● Problem:
Please copy the lines below, exactly as they are, from the one with "Collection Novel présentant" through the one with "Sertie d'une paire", and leave out the pictures.

● Stored data:
★ ★ ★

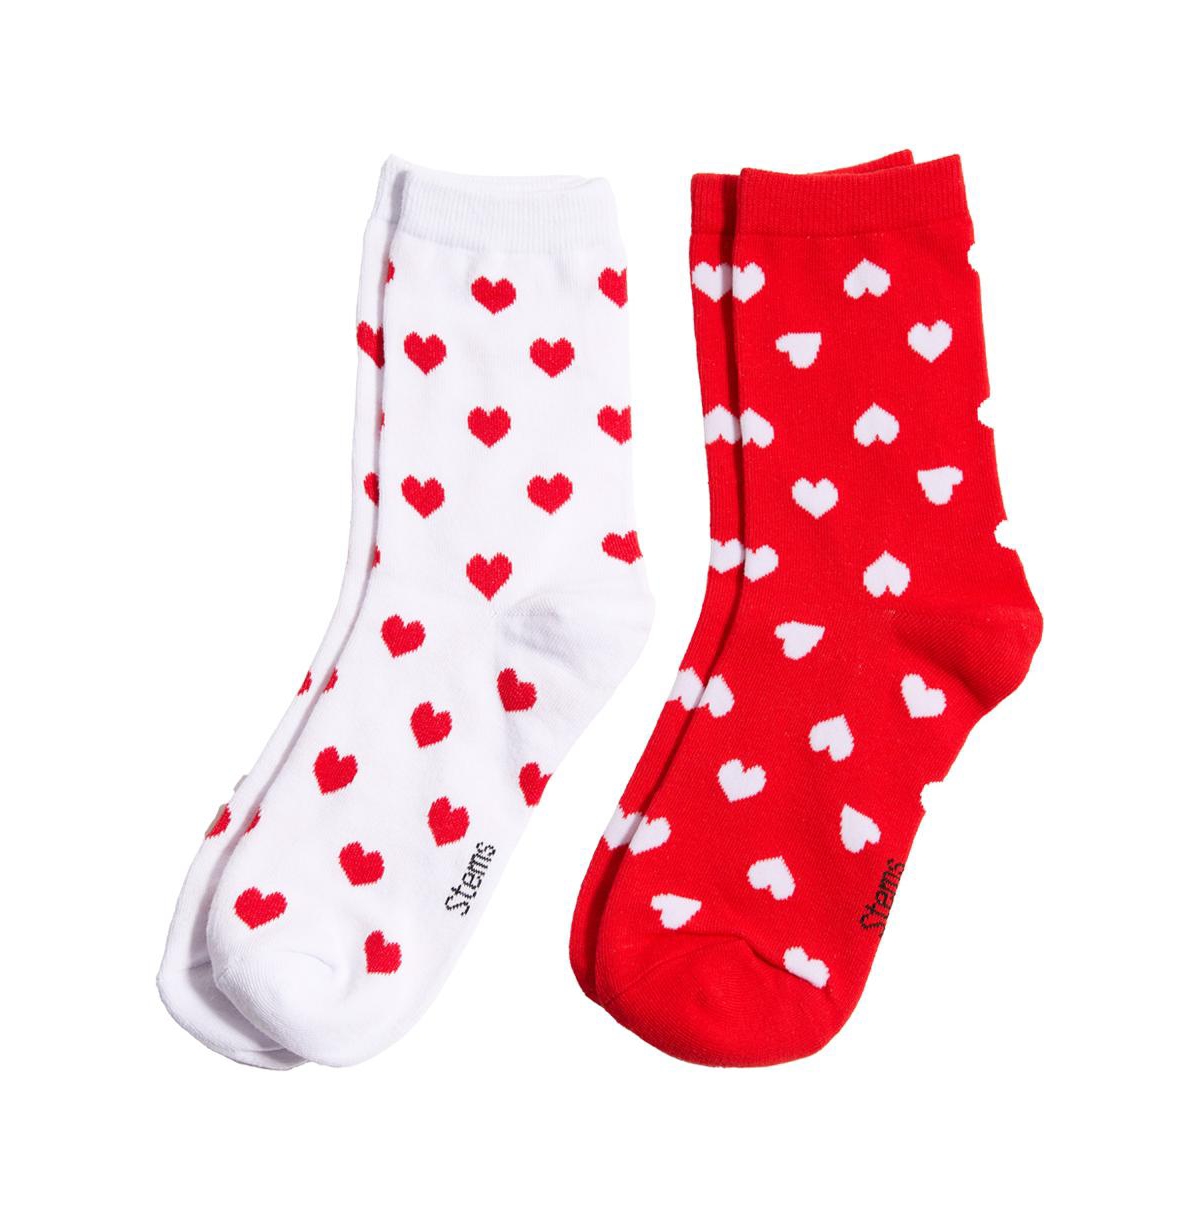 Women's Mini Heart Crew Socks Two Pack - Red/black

★ ★ ★

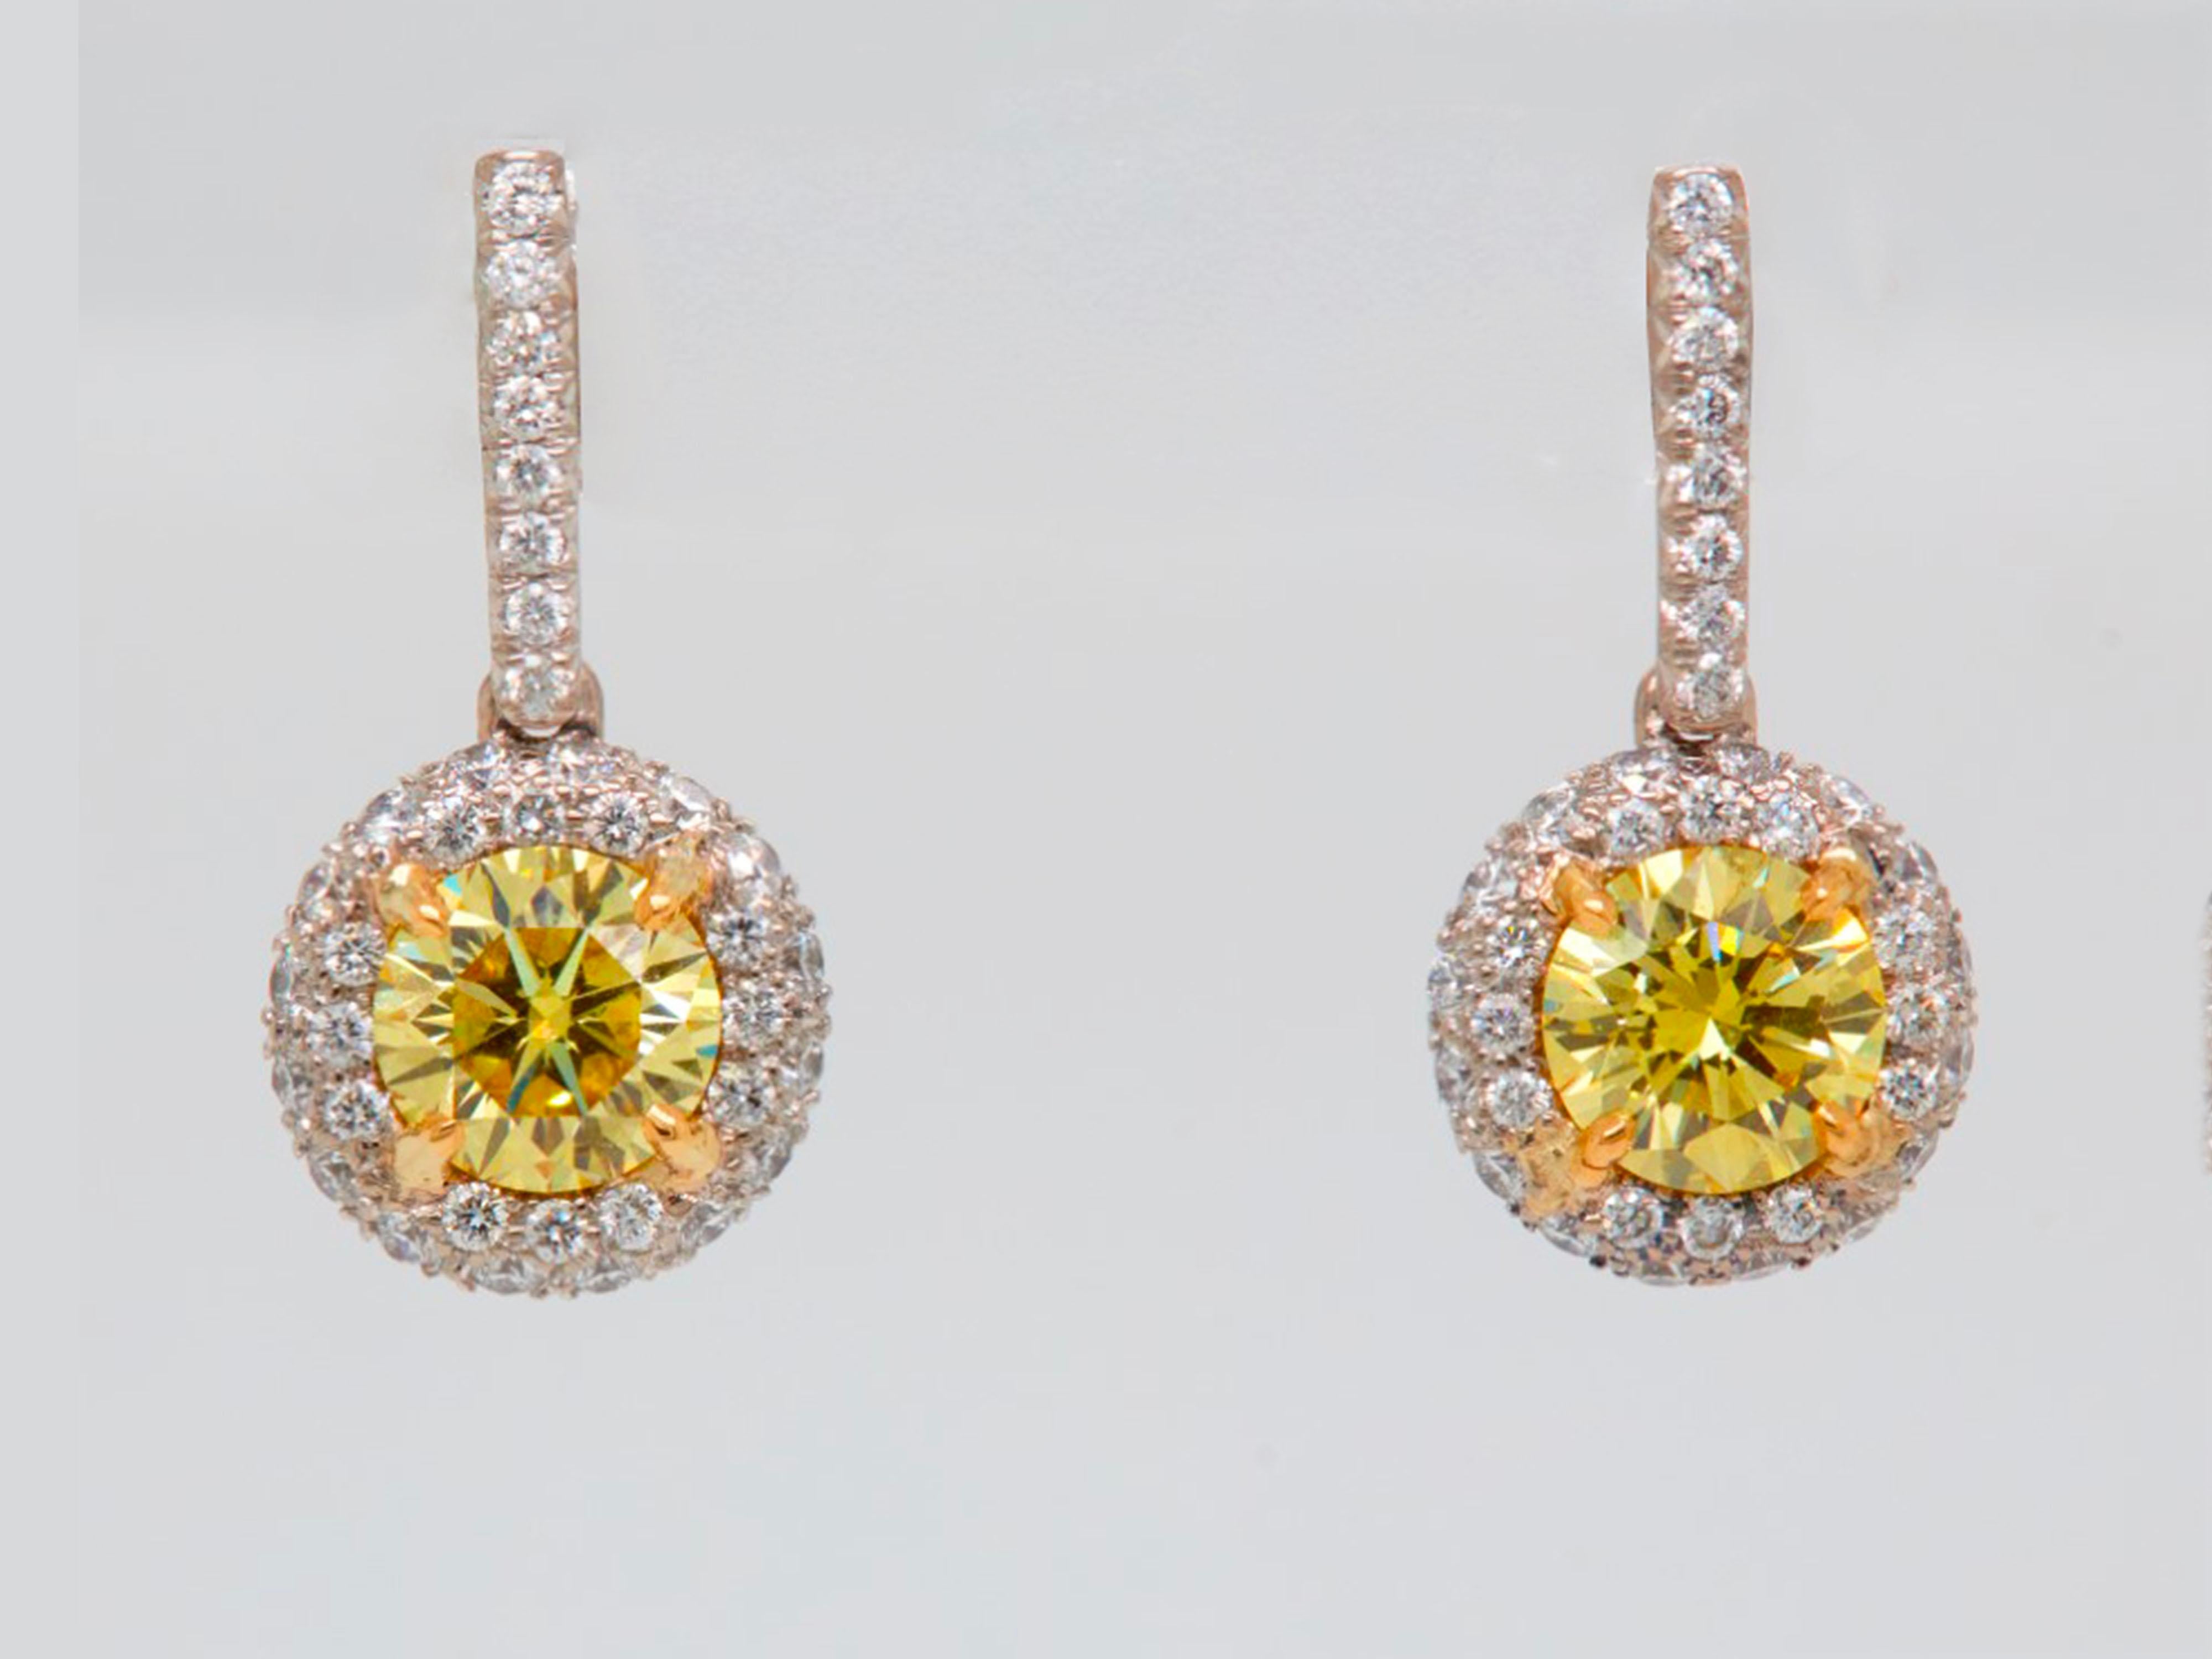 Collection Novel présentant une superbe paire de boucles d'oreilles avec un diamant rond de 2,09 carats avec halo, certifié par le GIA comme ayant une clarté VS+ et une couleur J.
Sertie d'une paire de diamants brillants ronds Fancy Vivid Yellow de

★ ★ ★

● Result for this exercise:
 Collection Novel présentant une superbe paire de boucles d'oreilles avec un diamant rond de 2,09 carats avec halo, certifié par le GIA comme ayant une clarté VS+ et une couleur J.
Sertie d'une paire de diamants brillants ronds Fancy Vivid Yellow de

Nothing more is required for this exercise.